The Functional Republic
The logical conclusion of this transformation is what I call the Functional Republic. A political order in which legitimacy derives from what works, not who wins. In a Functional Republic, transparency becomes a patriotic duty rather than a talking point. Accountability is measured not by rhetoric but by results. Localism becomes the seedbed of national renewal, and civic participation replaced partisan posturing as the primary measure of democratic health.
The institutions that thrive will be those that can demonstrate competence in the face of complexity, and the leaders who endure will be those who can deliver measurable outcomes without hiding behind ideology.
The Functional Republic is not a rejection of America’s founding principles. It is their fulfillment. Thomas Jefferson and James Madison built a system that prized reasoned representation, deliberation, and the diffusion of power. What has corroded those ideals is not democracy itself but dysfunction. My theory proposes that democracy can be rebuilt not by doubling down on partisanship, but by re-establishing performance as the source of legitimacy.
The Next American Revolution Will Be Civic
If economic crises or moral awakenings drove the realignments of the past, this one is being driven by a crisis of function.

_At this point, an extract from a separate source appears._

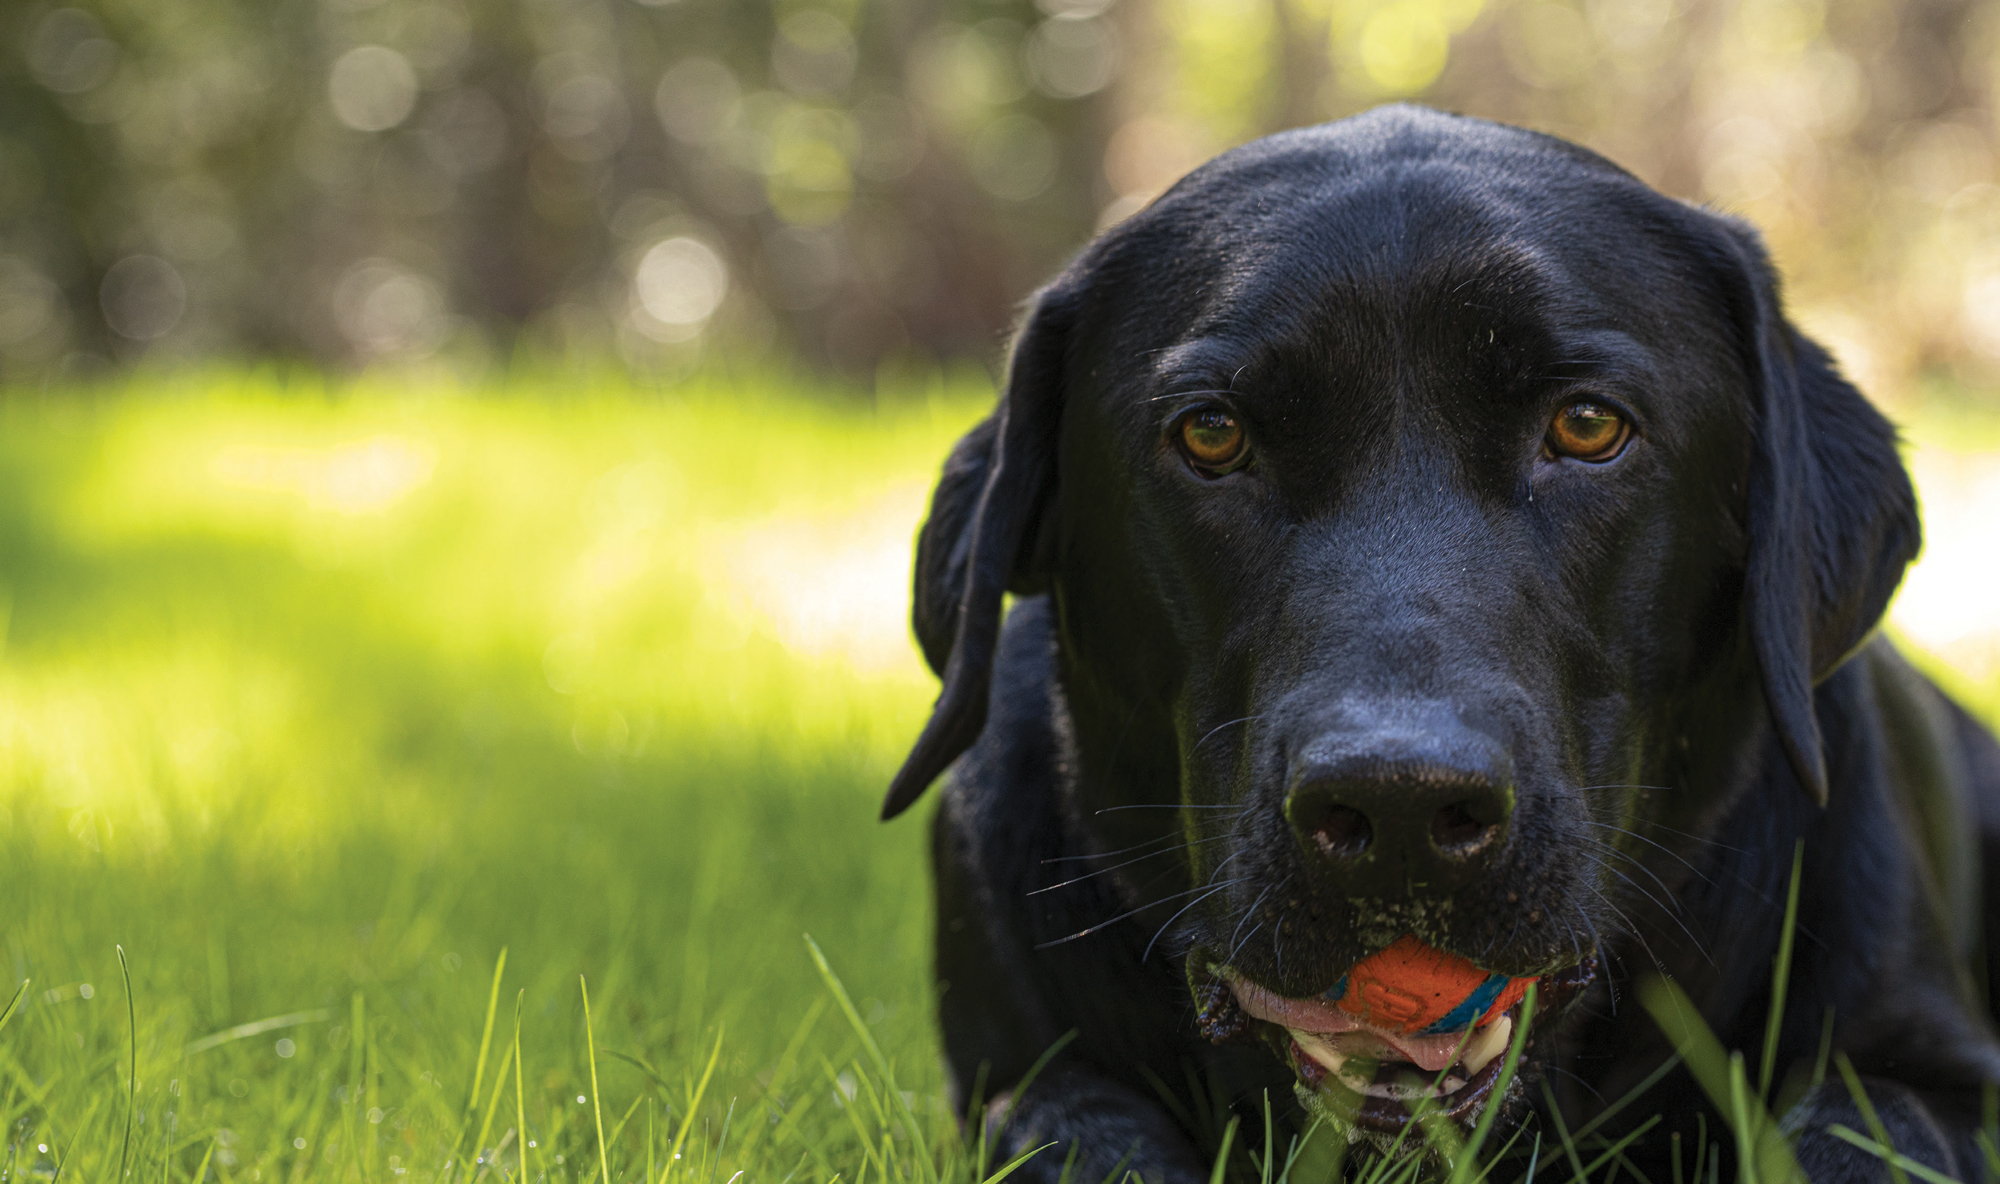 A black Labrador with amber eyes named Jasper lays in the grass with an orange and blue ball in his mouth.

Americans no longer trust the system to deliver the basic goods of self-government, such as justice, efficiency, fairness, and truth.
The old order cannot be reformed from within because it has become self-referential, sustained by conflict rather than resolution. The new order will not arise from a new ideology but from a rebirth of civic competence. It will come from citizens, entrepreneurs, educators, local officials, and independent leaders who build trust through results. It will come, in other words, from Function.
The Everidge Theory of Civic Realignment does not predict the end of American democracy. It predicts its reconstruction through proximity, performance, and purpose. The next American revolution will not be fought between Democrats and Republicans, despite how it might look today. It will be fought between those who believe in the functionality of the Republic and those who profit from its dysfunction. It will not be partisan. It will be civic.
“The Founders gave us representation. The future demands functionality.”